Employers are in a bind as they simultaneously deal with issues arising from the “Great Resignation” and challenges in attracting and retaining talent. But as older generations prepare for retirement, recent research suggests employers must realize the solutions they are preparing for the Great Resignation won’t necessarily apply to those who are ready to transition out the workforce.
According to a recent Nationwide Retirement Institute survey of retirement plan sponsors and participants, one in four employer-sponsored retirement plan participants age 45 and older—and 30% of participants 65 and older—report that the COVID-19 pandemic has caused them to push back their retirement or prevented them from ever retiring at all. On average, those who say they must delay retirement expect to work at least three years later than they would have prior to the pandemic.
Having to delay retirement has had a direct impact on employees’ happiness at work and business outcomes for their employers.
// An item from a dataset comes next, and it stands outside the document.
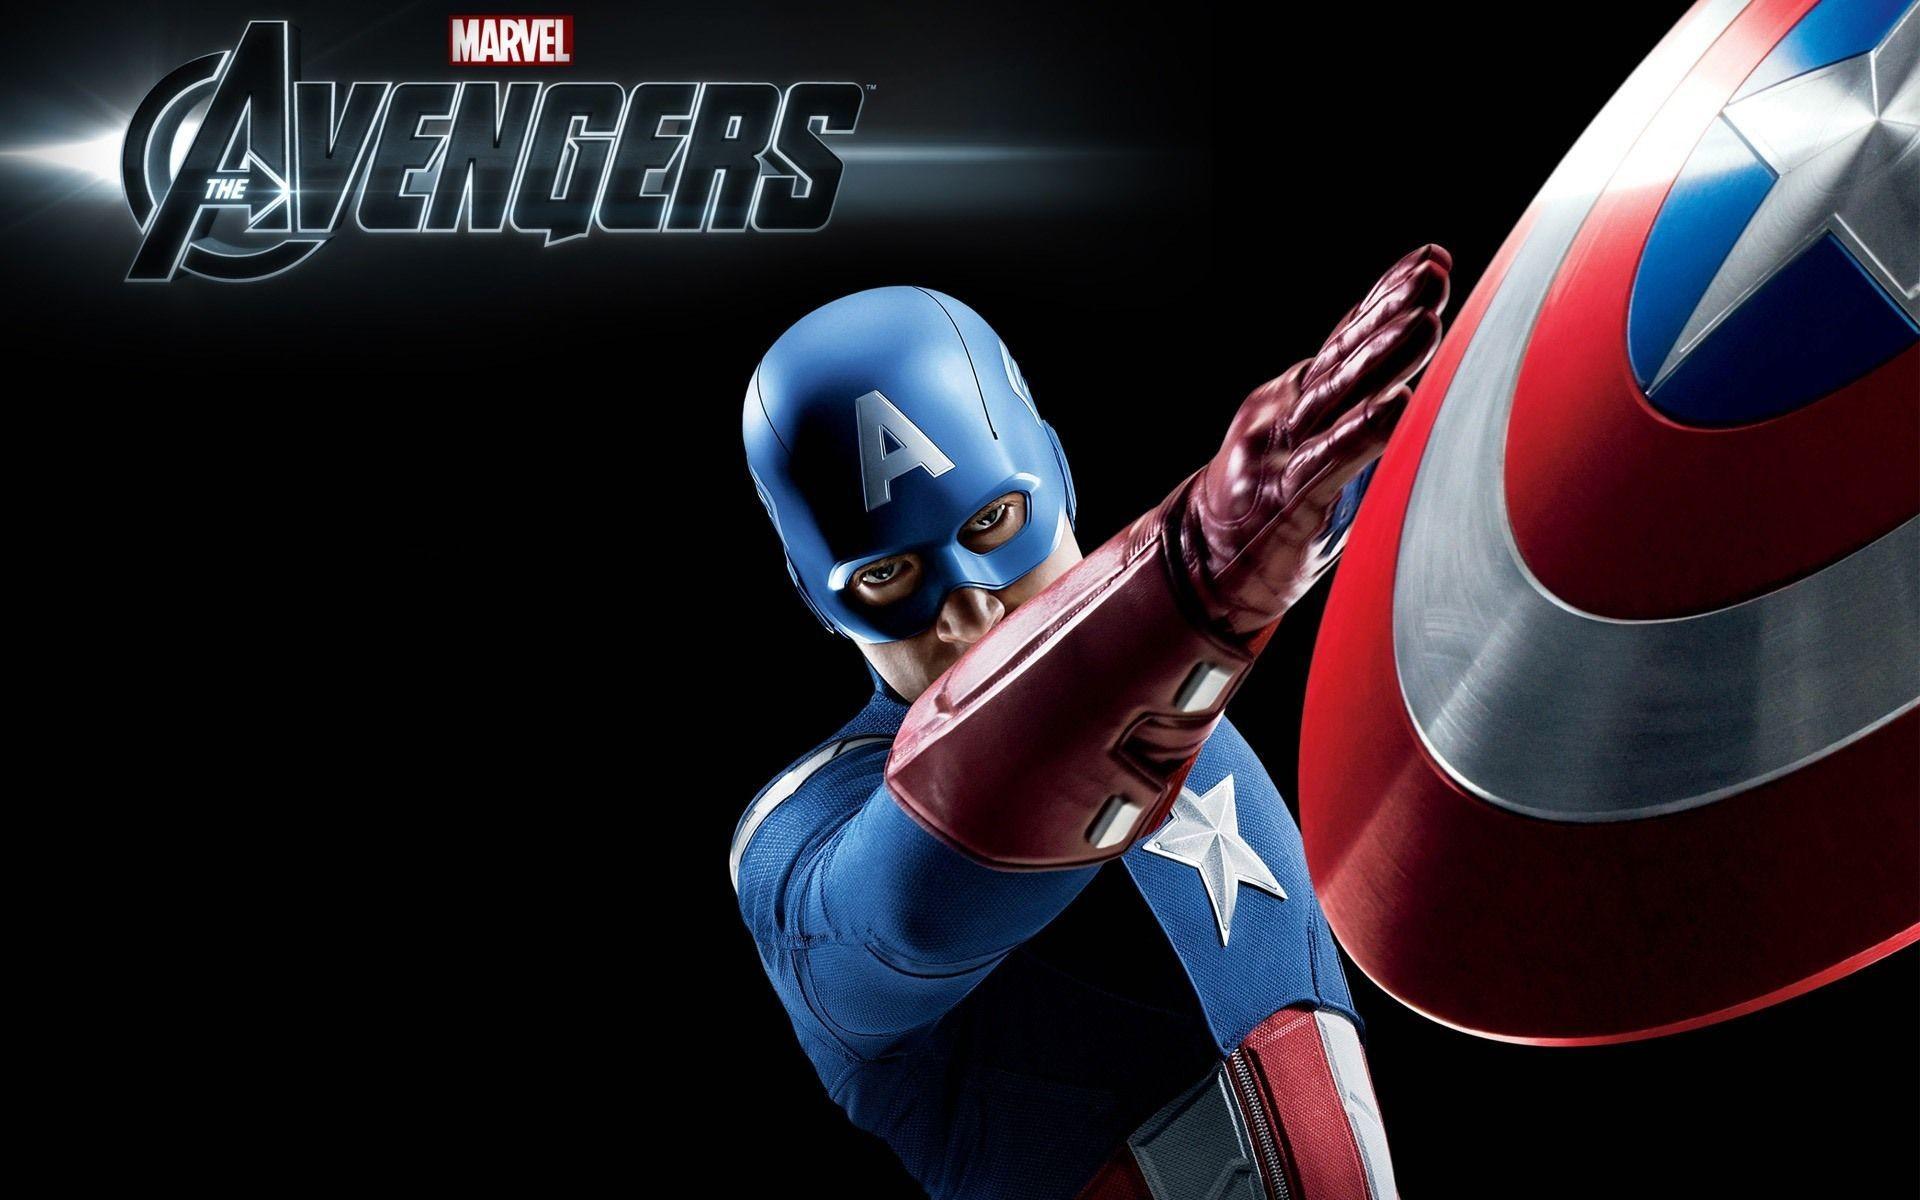 Chris Hemsworth Thor Avengers Wallpapers HD Wallpapers 1920×1200 Avengers Hd  Wallpaper (43 Wallpapers
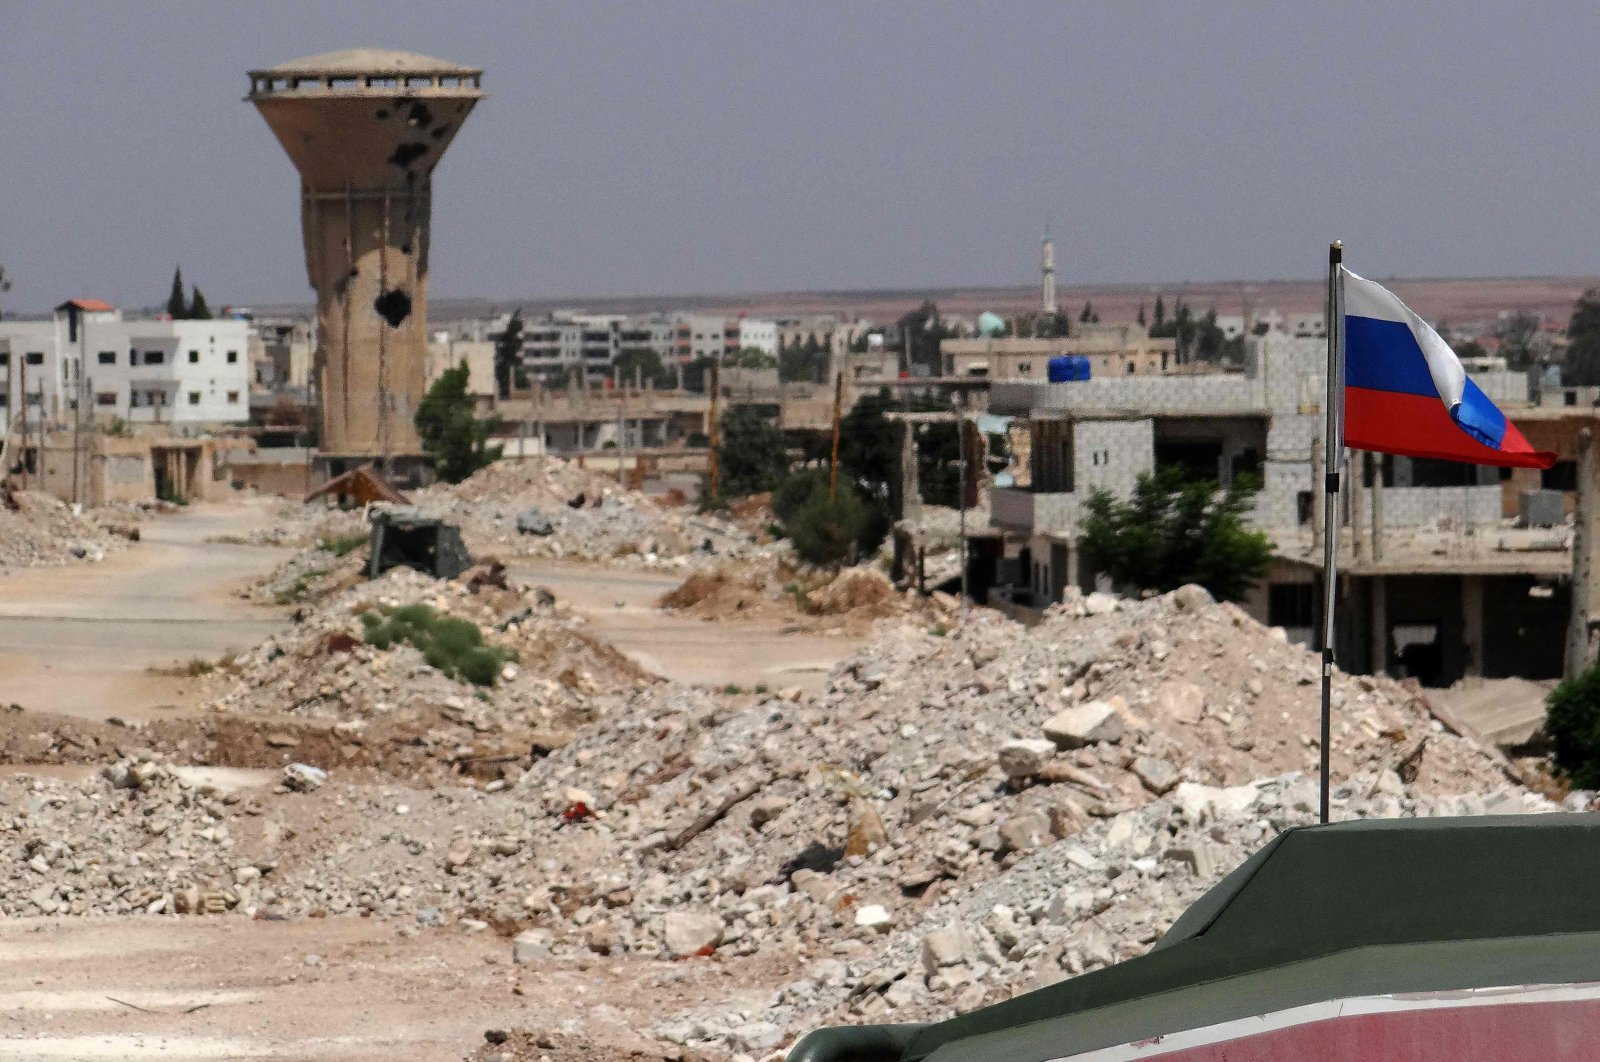 Assad Regime Escalates Attacks on Daraa Despite Truce

Nealy half of plan participants (48%) reported feeling frustrated, 42% are worried, 38% are sad and 17% feel hopeless. These emotions have begun to impact their work, as 48% report their delayed retirement has negatively impacted their mental health, 39% report lower morale and 23% report lower productivity. At the same time, fewer than a quarter of plan sponsors surveyed are even aware that these repercussions are causing issues in their workplace.
“While many companies are focused on attracting and retaining talent during the Great Resignation, there is another group of their employee base that needs attention in order to transition out of the workforce,” says Amelia Dunlap, Nationwide Retirement Solutions marketing vice president. “It is clear delayed retirements can foster negative emotions, which can be detrimental to a company’s culture and bottom line.”
Dunlap says employers should look to invest in the types of short-term and long-term financial planning solutions that help employees reach their financial goals and prepare for the retirement they want—when they want it.
“Doing so may not only help those who are ready to retire, but potentially serve as a reason for younger talent to stay with the company,” Dunlap adds.
According to Morgan Stanley at Work’s “State of the Workplace” study, nearly all human resources (HR) executives are prioritizing re-evaluating workplace financial benefits for 2022. The study shows that employees and employers agree companies could do more, with more than four in five employees and nine in 10 employers believing their companies should be more involved in helping employees understand how to maximize financial benefits amid the pandemic.
In the Morgan Stanley survey, 91% of employees say they would feel more invested in staying with their employer if it offered financial benefits that met their needs, and 90% say their company should prioritize re-evaluating its financial benefits package in 2022. HR executives feel there is room for improvement to stay competitive, with 79% saying that lack of financial benefits will result in attrition and 95% saying their company’s re-evaluation of the financial benefits package for 2022 is a priority.
“The pandemic-fueled uncertainty has led many employers to focus more attention on how to deliver financial benefits that meet their employees’ needs,” says Brian McDonald, head of Morgan Stanley at Work. “Employees are now looking for employers to offer a full spectrum of financial benefits tools and guidance to help them along the right path financially. As a result, those companies that offer a robust benefits package that includes retirement planning, equity compensation, student loan refinancing plans and overall financial wellness benefits will differentiate themselves in the face of unprecedented competition for great talent.”